### Dataset content
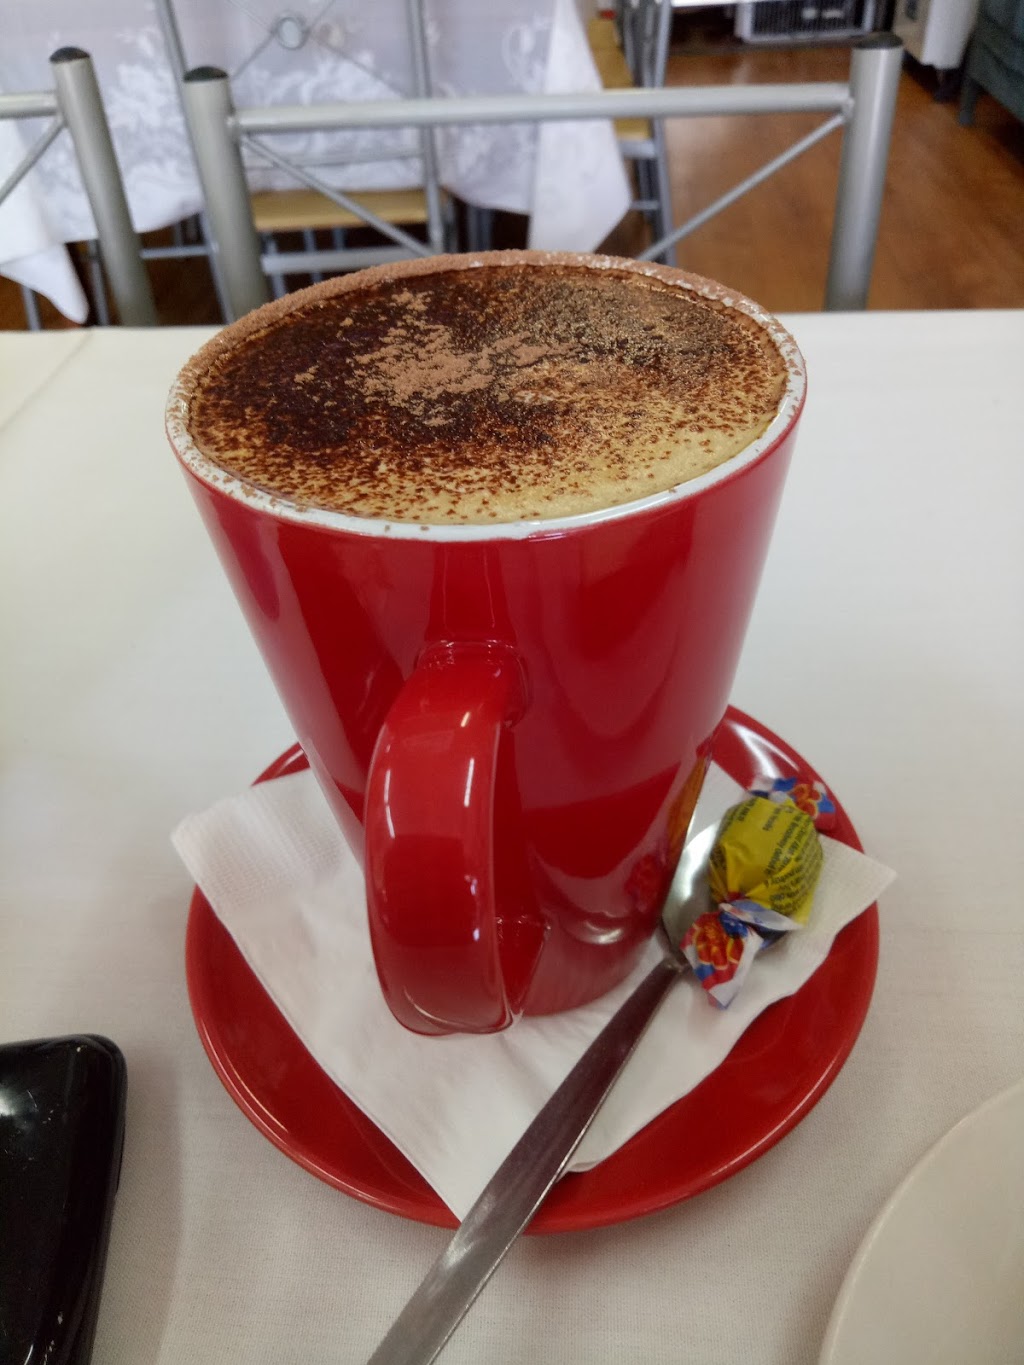 Tea On The Terrace | 2/18 River St, Maclean NSW 2463, Australia | Phone: (02) 6645 3033
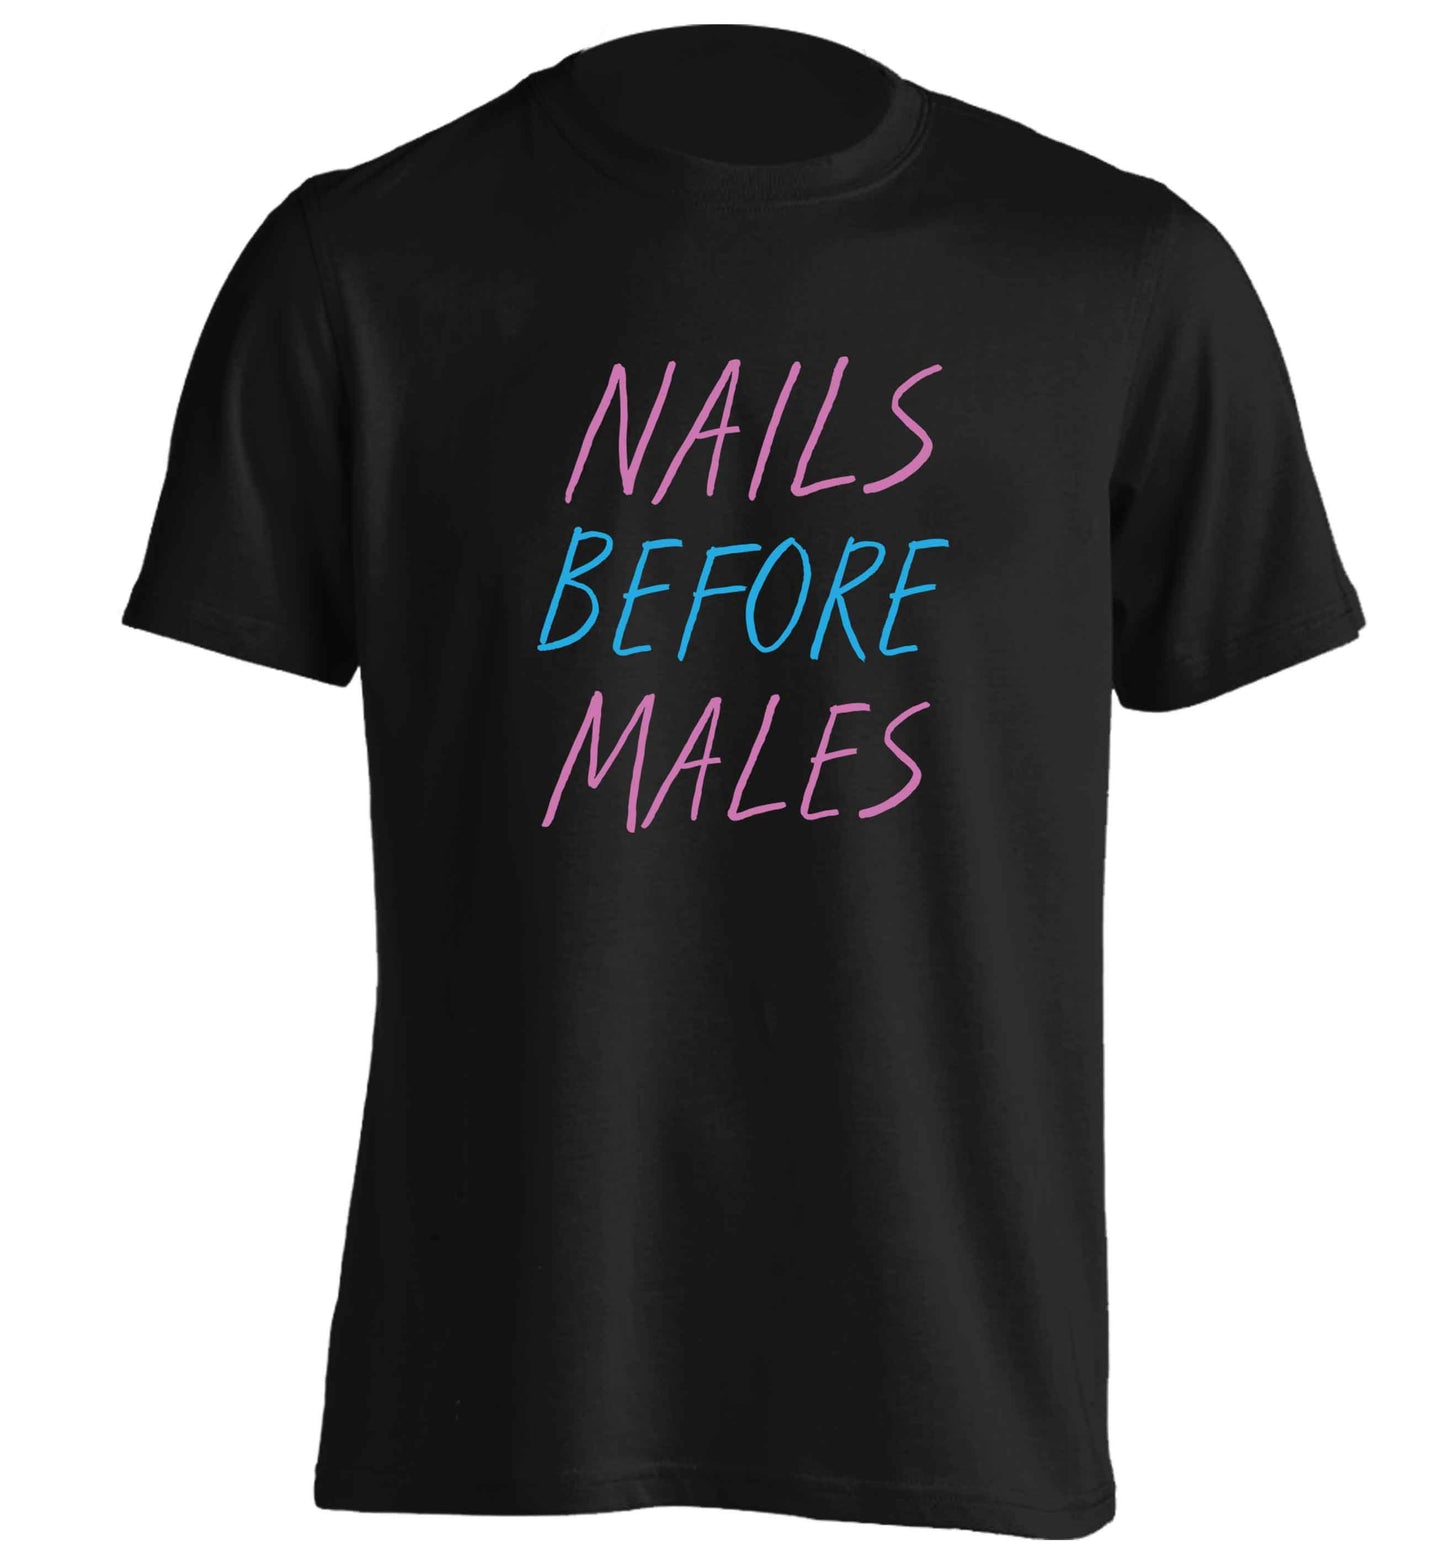 Nails before males adults unisex black Tshirt 2XL
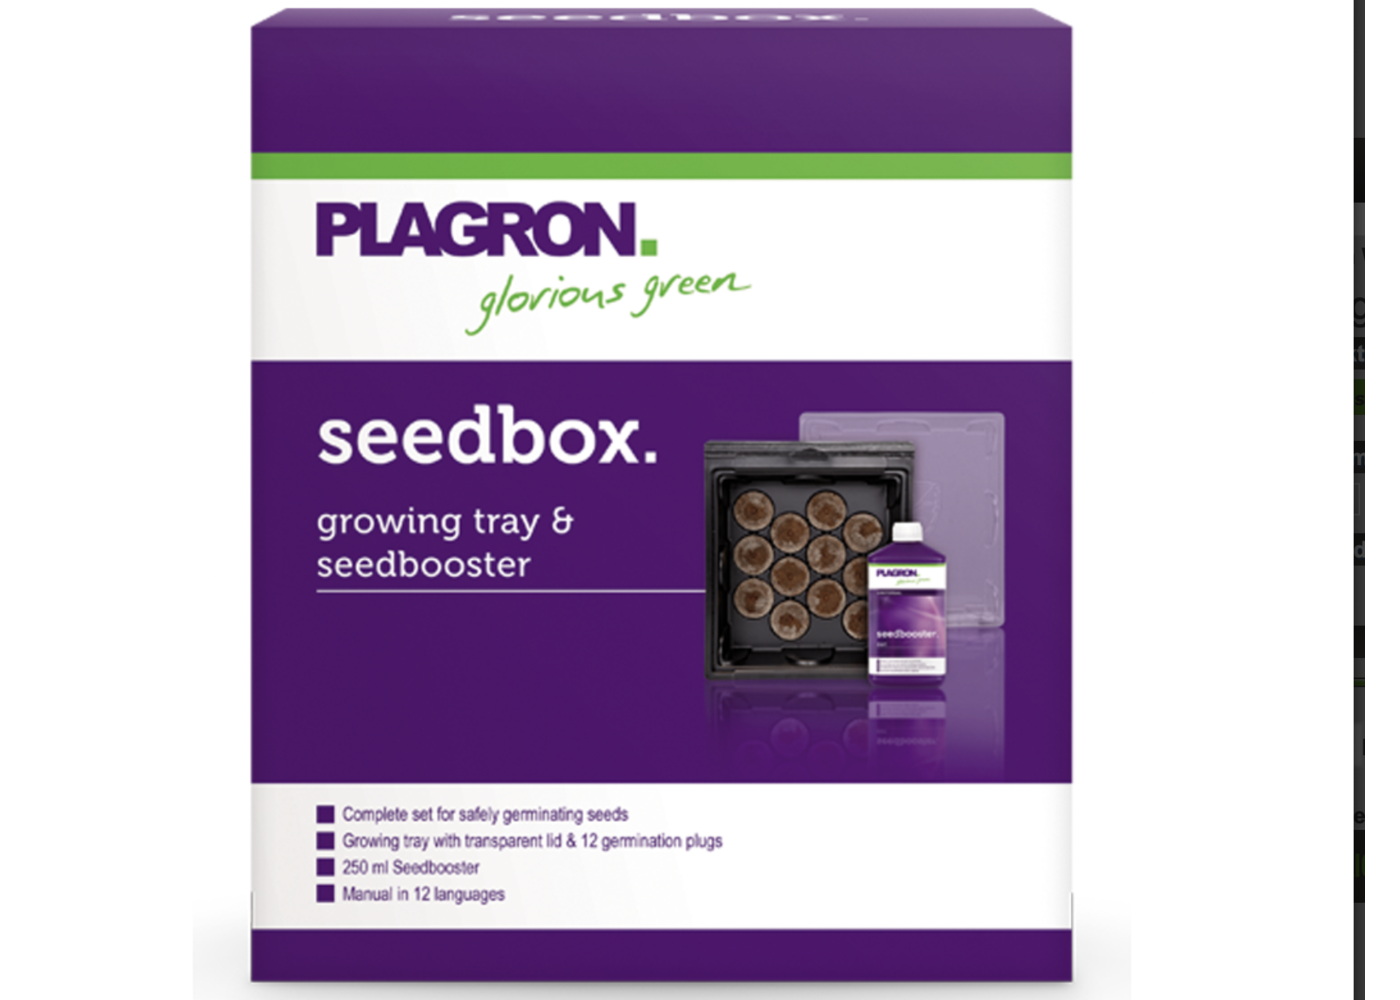 Plagron Seedbox

### Work request
Return the listing above word for word. Keep the images out.

### Answer to the exercise
 Tea On The Terrace | 2/18 River St, Maclean NSW 2463, Australia | Phone: (02) 6645 3033
 Nails before males adults unisex black Tshirt 2XL
 Plagron Seedbox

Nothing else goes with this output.